■ Exercise description:
Make an exact copy of the listing so that no picture is carried over.

■ Supplied information:

*** Begin section ***

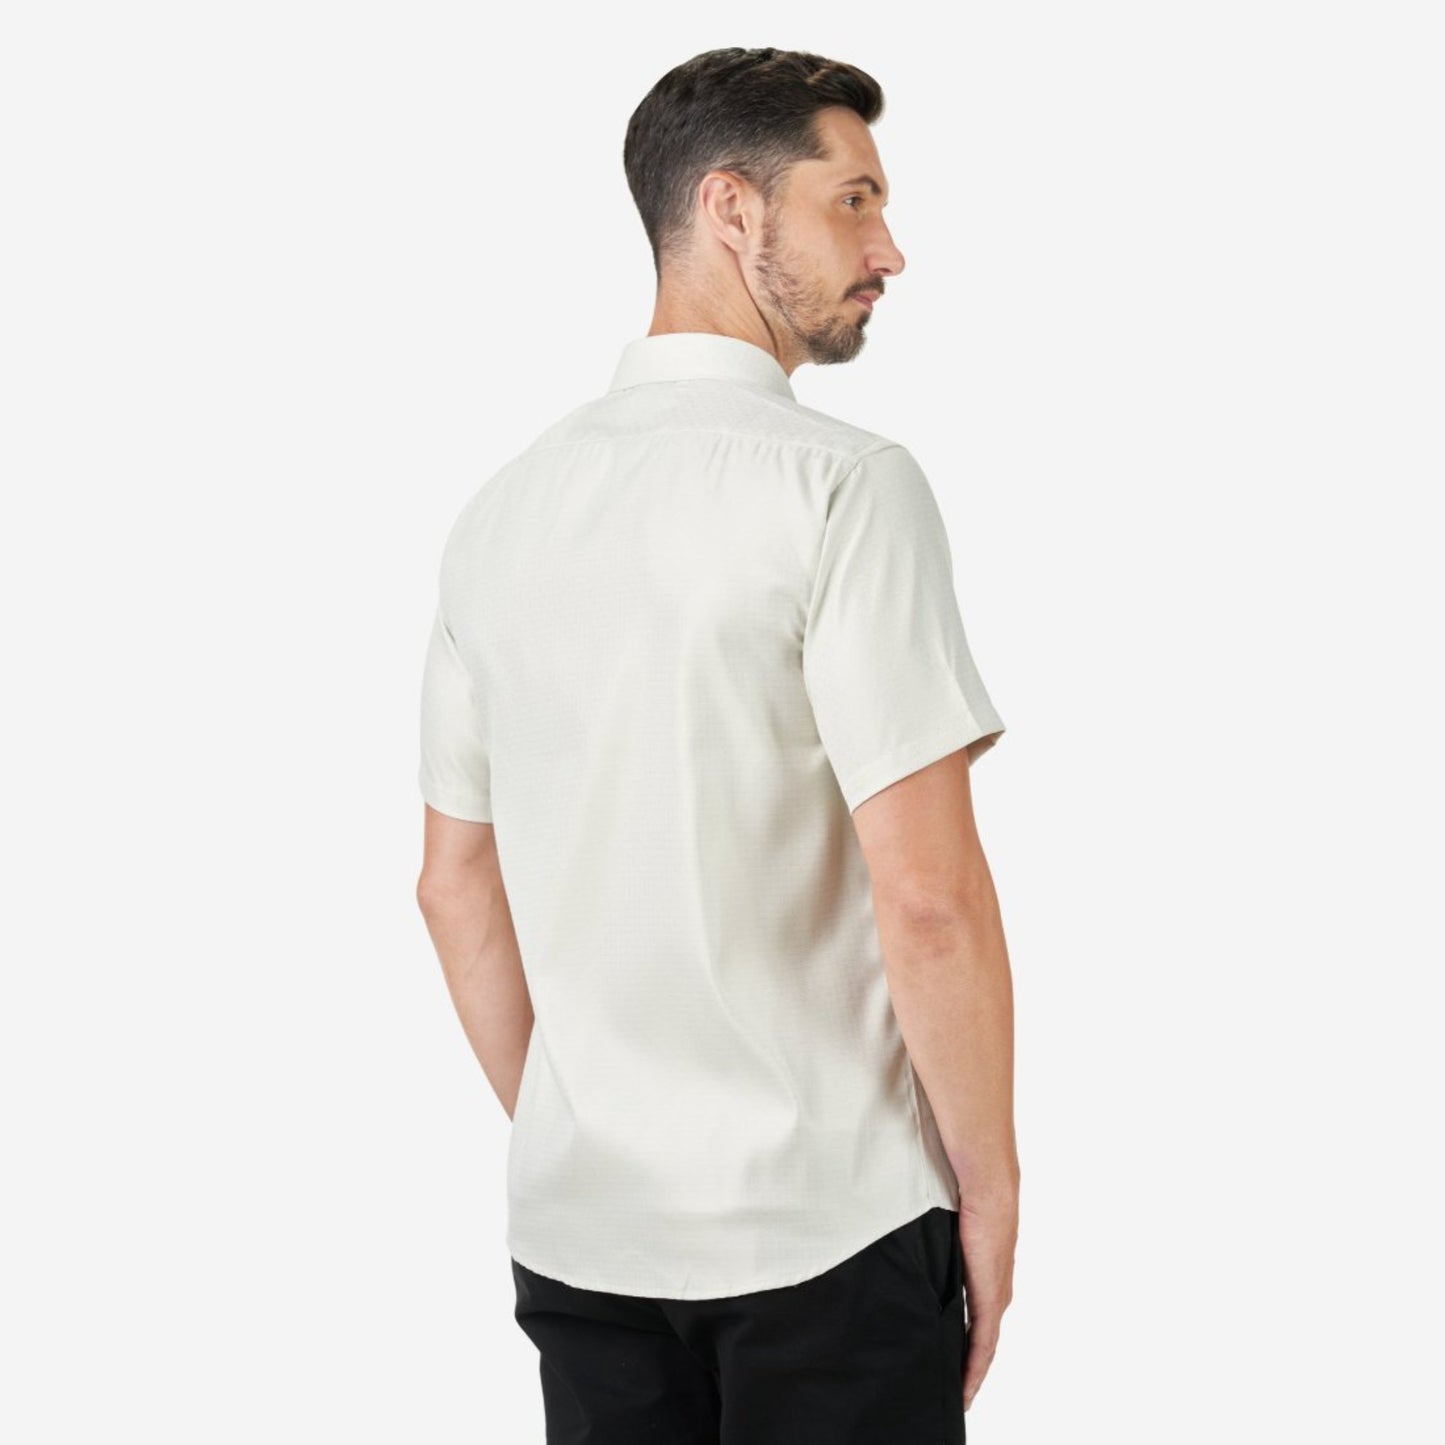 Valentino Rudy Italy Men's Short Sleeve Casual Shirt
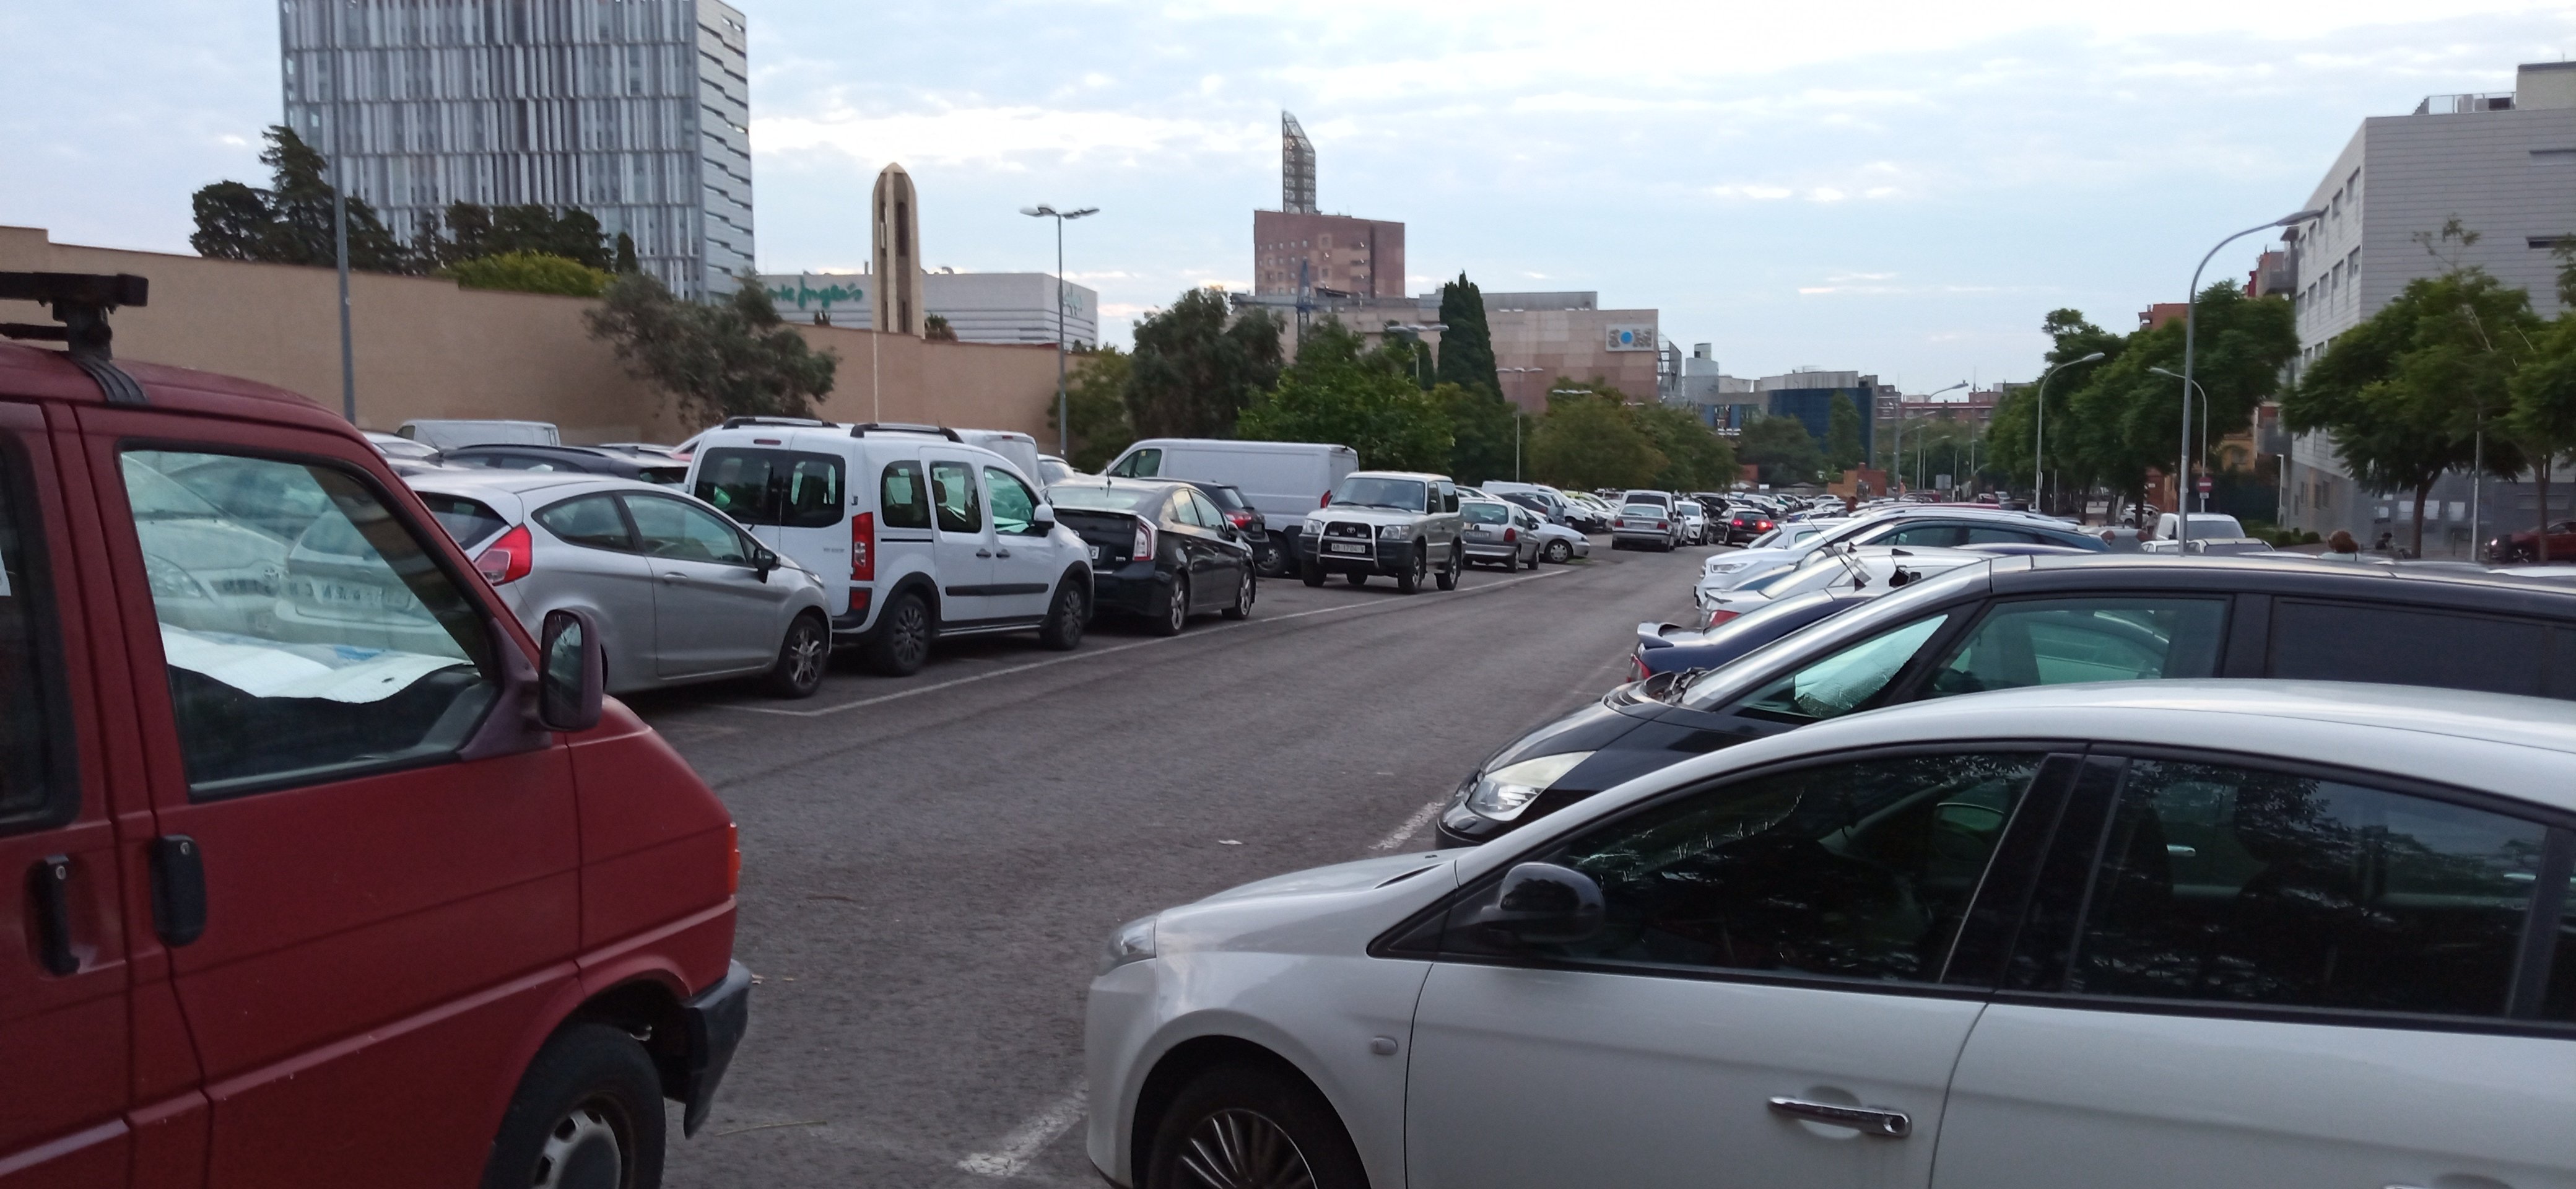 Un tanatori més i 300 aparcaments menys a l'entorn del cementiri de Sant Andreu
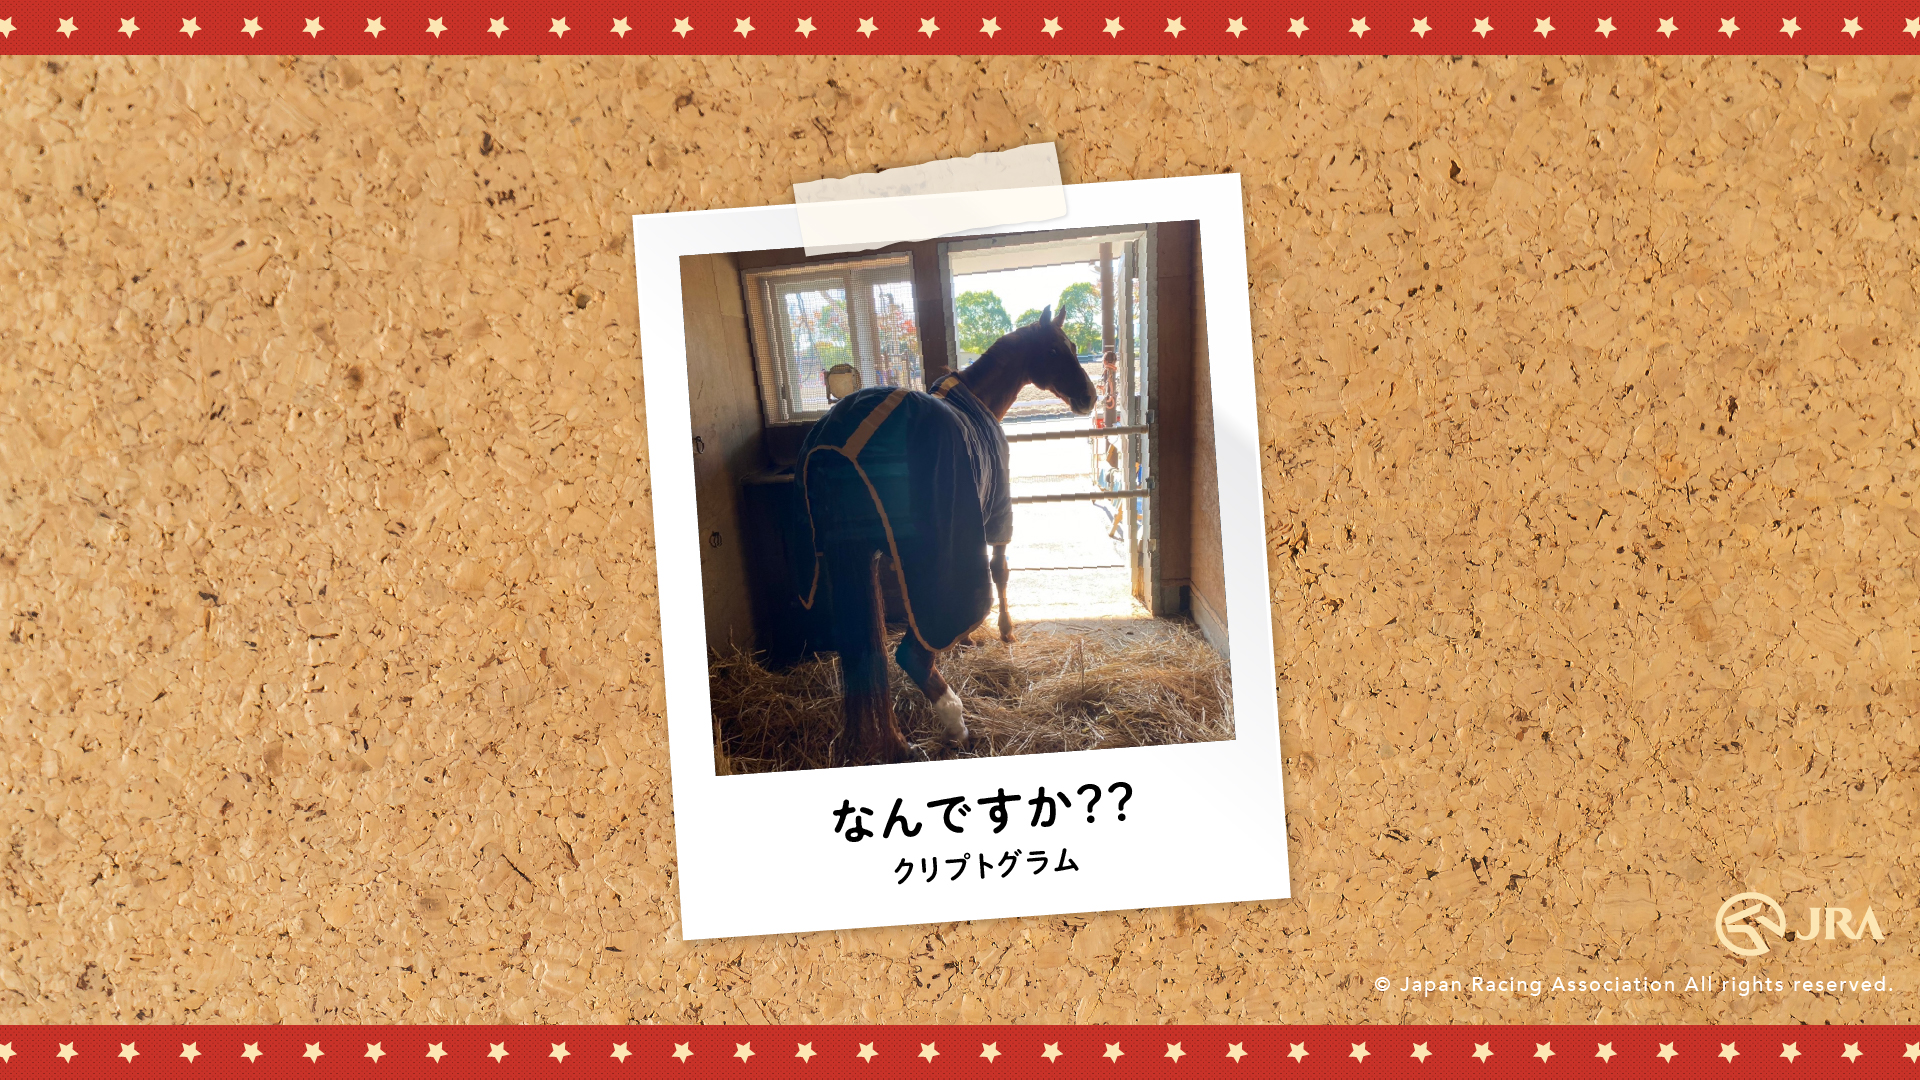 お馬さんのオフショット Jra 東京競馬場乗馬センター

*** End section ***

■ Written response:
 Valentino Rudy Italy Men's Short Sleeve Casual Shirt
 Un tanatori més i 300 aparcaments menys a l'entorn del cementiri de Sant Andreu
 お馬さんのオフショット Jra 東京競馬場乗馬センター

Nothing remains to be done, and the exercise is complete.